Так что же, исполнив все это, буровой мастер Иван Ипполитович, проницательный человек, нигде и ничего темного так и не заподозрил?
Заподозрил, факт!
И если теперь Корнилов захочет сделать «Контору» владением коллективным, мастер в подозрениях своих укрепится окончательно.
Укрепится, факт!
Когда Корнилов воевал, ему казалось, что для жизни после войны потребуется только сама жизнь, какой-нибудь жилой угол для нее, какой-нибудь кусок хлеба...
Ну, и еще безотказный и справедливый суд понадобится и требовательность военного времени к мирному.
Но нет, нет и этого, и одно время не способно судить другое, а если судит, так без справедливости, без малейшего взаимопонимания, на скорую руку, неохотно.

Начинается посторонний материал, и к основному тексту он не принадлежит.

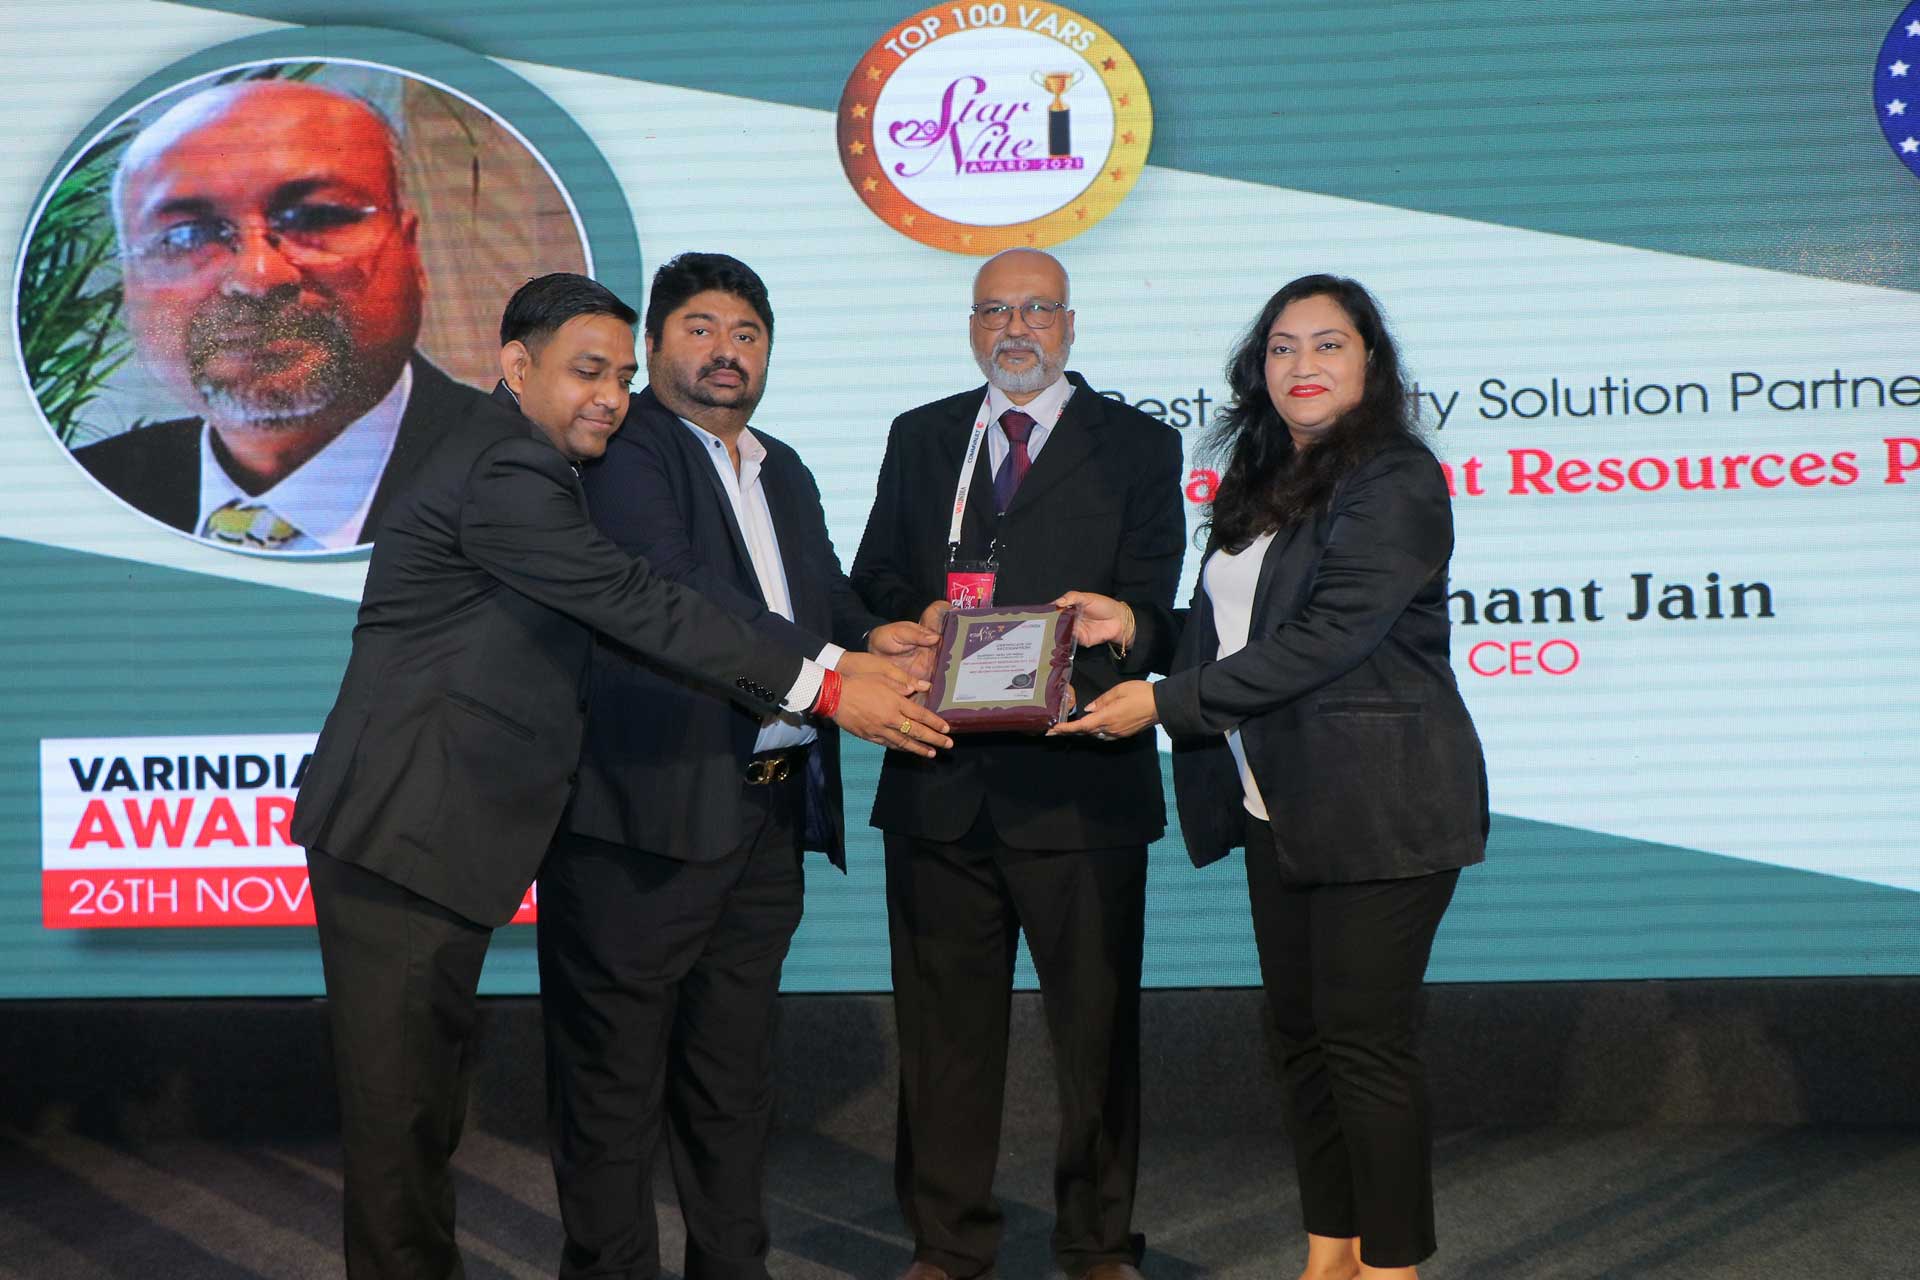 Best Security Solution Partner Award goes to JNR Management Resources Pvt. Ltd., at 20th Star Nite Awards 2021

Где его искать-то, этот подсудной мир, этот трудовой и сознательный коллектив, этот последовательно справедливый дух?
В искусстве, что ли?
Корнилов когда-то, было время, благоволил к искусству, очень верил ему. Особенно русскому, поскольку в нем была и философия, и общественная мысль, и многое другое, что на Западе жило самостоятельной и независимой от искусства и от государственных чиновников жизнью.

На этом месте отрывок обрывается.